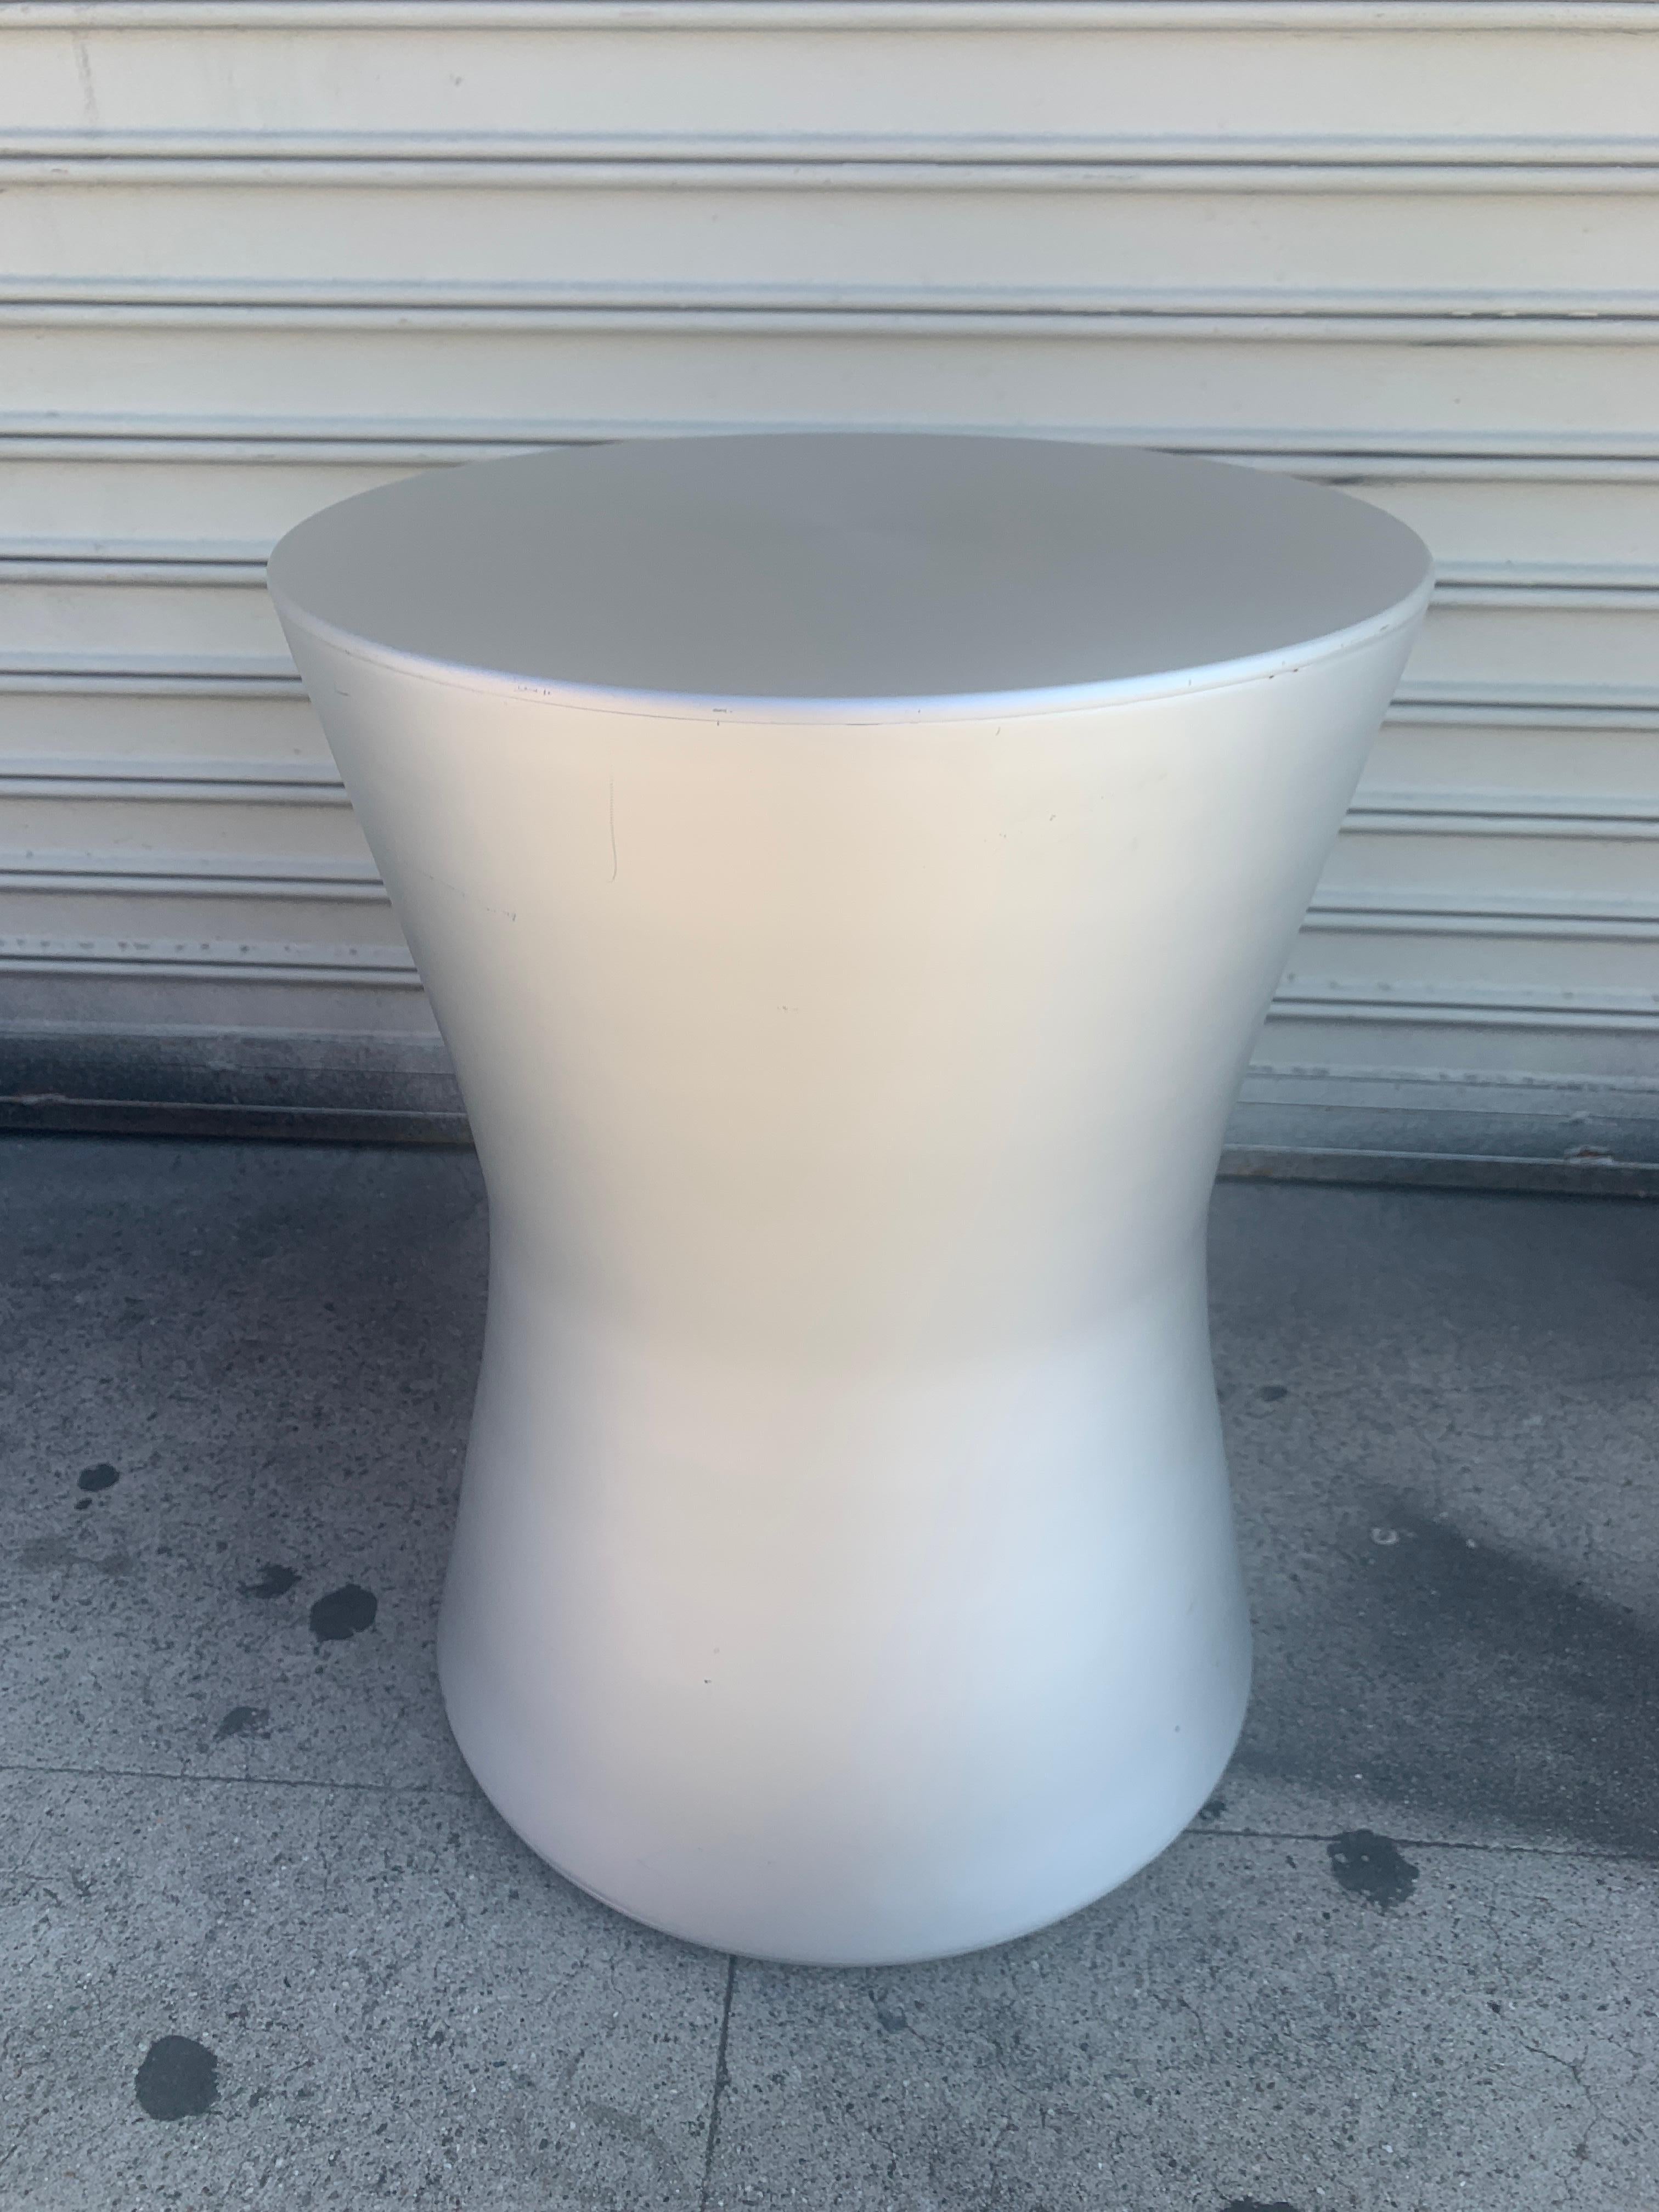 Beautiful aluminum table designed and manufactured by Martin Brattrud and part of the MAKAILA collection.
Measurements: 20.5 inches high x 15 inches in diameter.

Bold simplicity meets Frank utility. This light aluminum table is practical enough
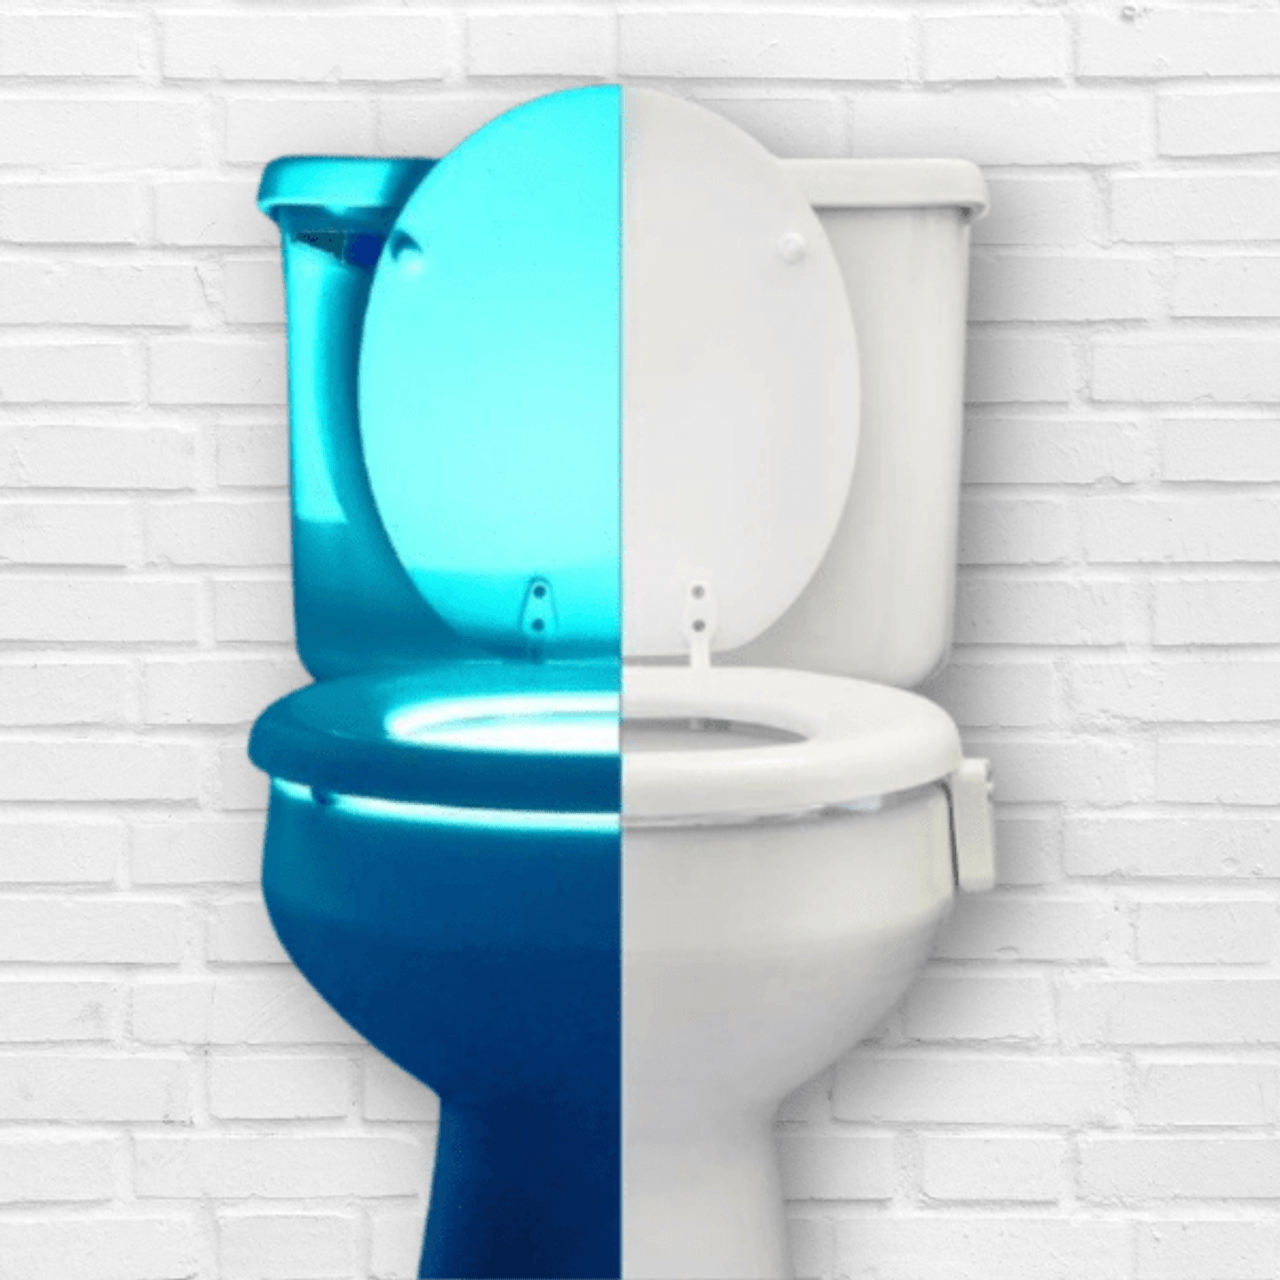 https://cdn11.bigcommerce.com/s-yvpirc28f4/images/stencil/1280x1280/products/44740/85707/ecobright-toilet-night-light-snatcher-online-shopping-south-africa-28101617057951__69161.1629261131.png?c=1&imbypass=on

WORK TASK
It would help to have the listing above repeated exactly, with all images removed.

SOLUTION BELOW
 Beautiful aluminum table designed and manufactured by Martin Brattrud and part of the MAKAILA collection.
Measurements: 20.5 inches high x 15 inches in diameter.

Bold simplicity meets Frank utility. This light aluminum table is practical enough
 https://cdn11.bigcommerce.com/s-yvpirc28f4/images/stencil/1280x1280/products/44740/85707/ecobright-toilet-night-light-snatcher-online-shopping-south-africa-28101617057951__69161.1629261131.png?c=1&imbypass=on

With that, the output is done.